Preview on the left, editor on the right

If the gutter gets too small the sidenote will cover a part of the main text to stay readable.

11 Likes

Stop footnote indexes affecting line height

… and make them a bit smaller.

/* Stop footnotes affecting line height */
sup { 
	vertical-align: top; 
	position: relative; 
	top: -0.3em; 
	font-size: 0.75em; 
}

Before:

After:

8 Likes

Hi,

Do you know any method to place the text from the centre to the left side?

Füles

@phlind: cooool ! I will add it to my Github repository, if you don’t mind, so others who don’t necessarily get to see your comment can still use it.

1 Like

Try

h1 {
	display: flex;
	width: 100%;
	align-items: center;
    justify-content: flex-start;
}
h1:before,
h1:after{
	content: '';
	background: gray;
	height: .1em;
	margin: .2em;
	flex: 1;
}

frvkl

Thanks very much, it seems it doesn’t work.
I got another solution, so my problem was solved.

Fülike

YESSSSSSSS I NEED THIS :slight_smile:

Hi,

Füles

The question has been asked on the forum but no satisfactory answer was provided.

Is there a way to hide in Preview the # character in front of tags?

Use a :after pseudo-element:

a.tag {
  position: relative;
  padding-left: 3px;
}

a.tag:after {
  background:  var(--text-accent);
  position: absolute;
  content: "";
  top: 0;
  bottom: 0;
  width: 0.8em;
  left: 0px;
  /* if you have pill-style tags */
  background-clip: padding-box;
  border-top-left-radius: 250px;
  border-bottom-left-radius: 250px;
}

/* if you have custom tag colors */
.tag[href^="#elixir"]:after {
  background: rgb(142, 88, 203) !important;
}

.tag[href^="#phoenix"]:after {
  background: #F67938 !important;
}

You may have to fiddle with the left:, width: and padding-left: values to fit your font and other a.tag styles. Sticking with an em value for width will help make it work when you zoom in/out.

1 Like

@lastobelus: yep, that works. I see what you did: you basically hid the # with a vertical strip of the tag’s background color. Clever!
Many thanks.

How do I select inline code in CSS? Like this thing:

```var t = setInterval(move, 500);```

I was able to select and change the color of multi-line code with .CodeMirror-code, but the inline code is still this annoying dark red…
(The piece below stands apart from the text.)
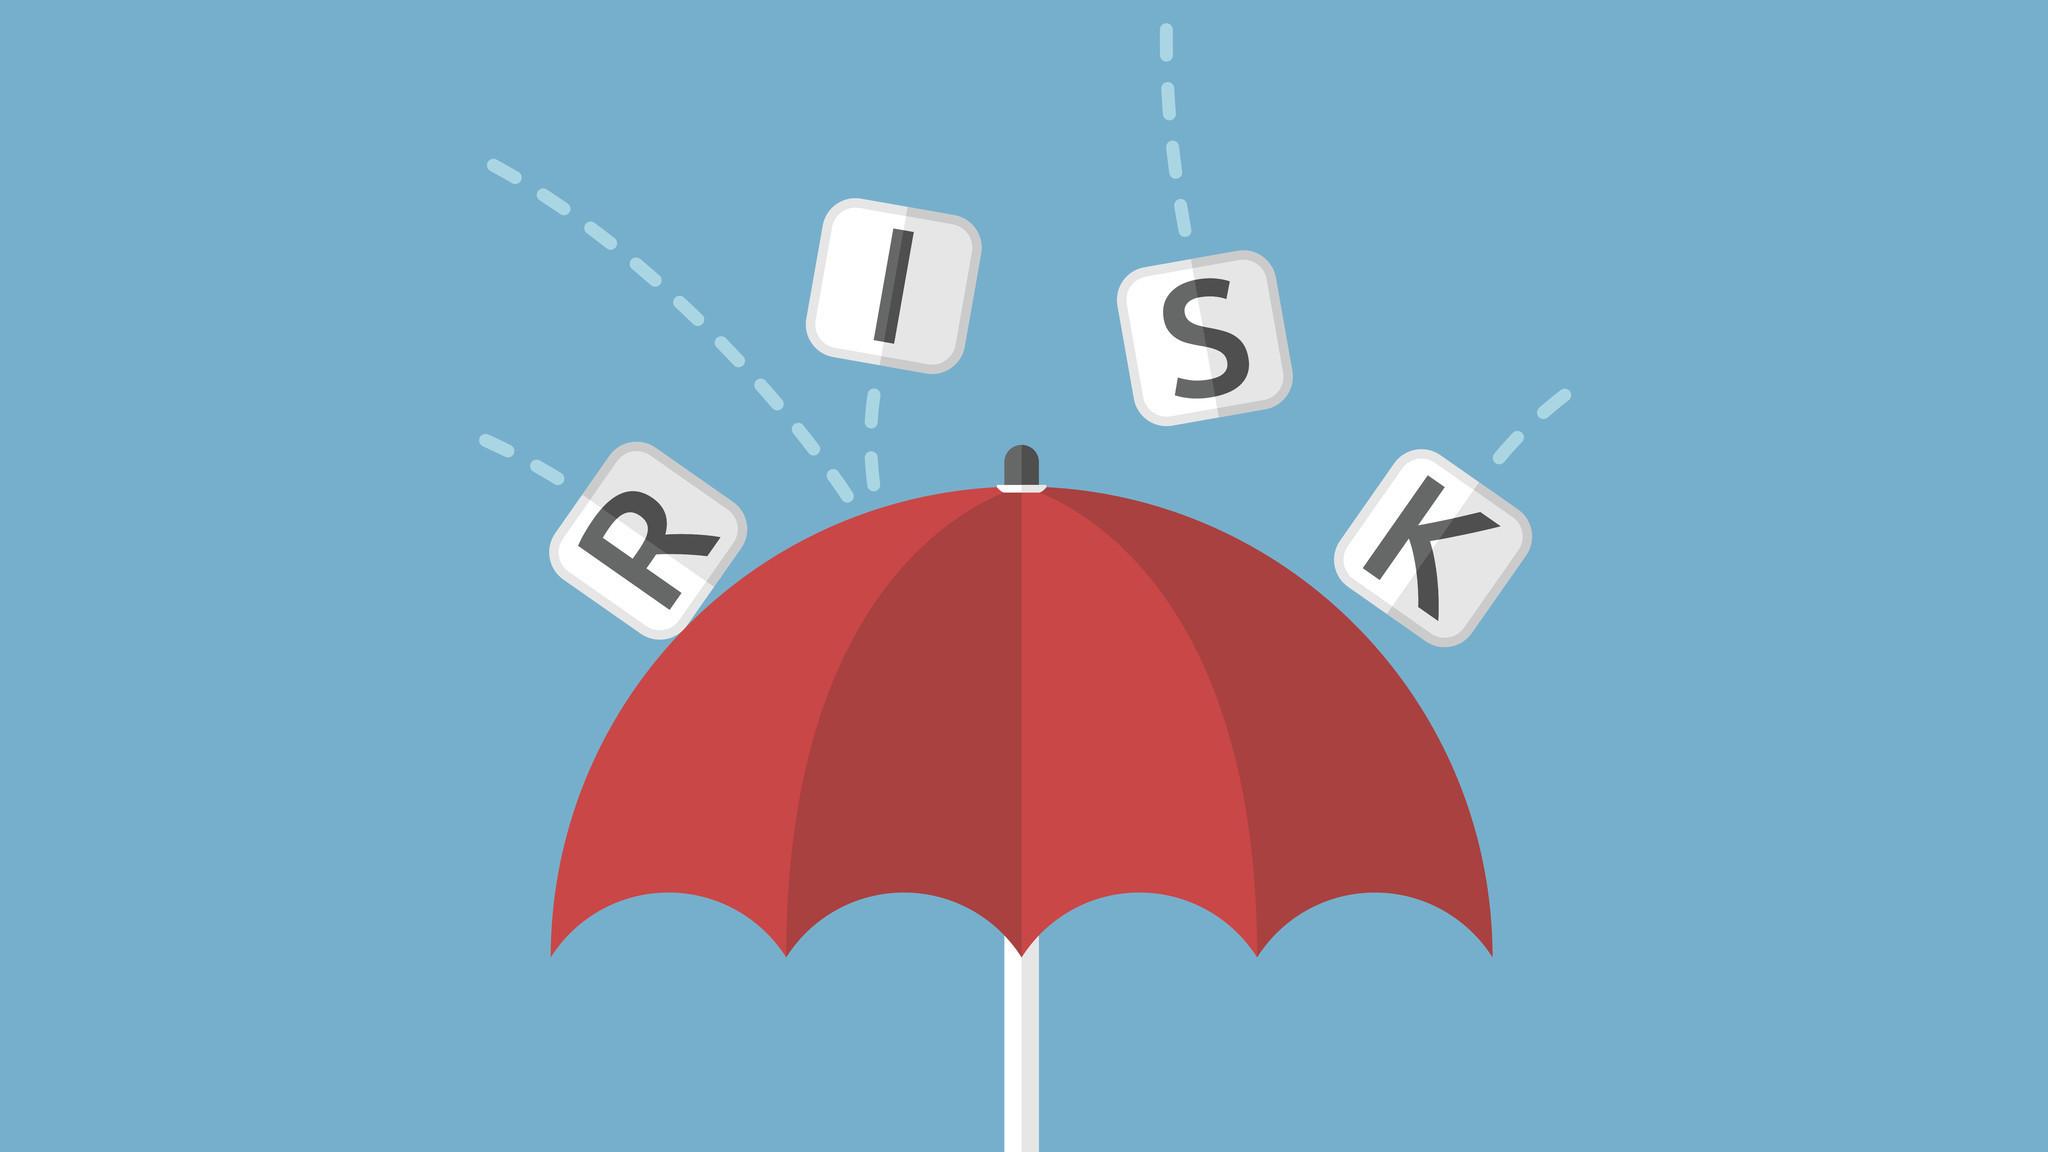 Giải pháp nào cho các rủi ro nhà xuất nhập khẩu thường gặp khi thanh toán quốc tế L/C

I think preview mode follows the normal code rules and is selected with .markdown-preview-view code.

This is what I use for the editor:

/* Inline code in the editor */
.cm-s-obsidian span.cm-inline-code,
.cm-s-obsidian span.cm-inline-code:not(.cm-formatting):not(.cm-hmd-indented-code):not(.obsidian-search-match-highlight) {
  color: RED ;background-color: BLUE;
}

Change RED and BLUE to suit.

1 Like

If you want to have your paragraphs inside a block (only one carriage return, non-strict Markdown paragraphs) be visually spaced in preview mode, here is a solution straight from the devs themselves (thanks!) Add this to your CSS to get some visual line spacing between paragraphs, makes writing long text much easier if you dislike strict Mardown breaks:

.markdown-preview-view br {
    content: '';
    display: block;
    margin-top: 10px;
}

Add this as well if you want to mirror that behavior in edit mode:

.CodeMirror pre.CodeMirror-line {
  padding-bottom: 10px;
}
2 Likes

I have a snippet that adds numbers to the headers in the table of contents. Is there a possibility to have those same numbers added to the headers in the note text, like 1. , 1.1., 1.1.1., 2., 2.1., etc.?

how can I display a margin/ outer box in case of an embedded linked note? I want to show that the embed is separate from the main text. Also, can I get this in the pdf export also?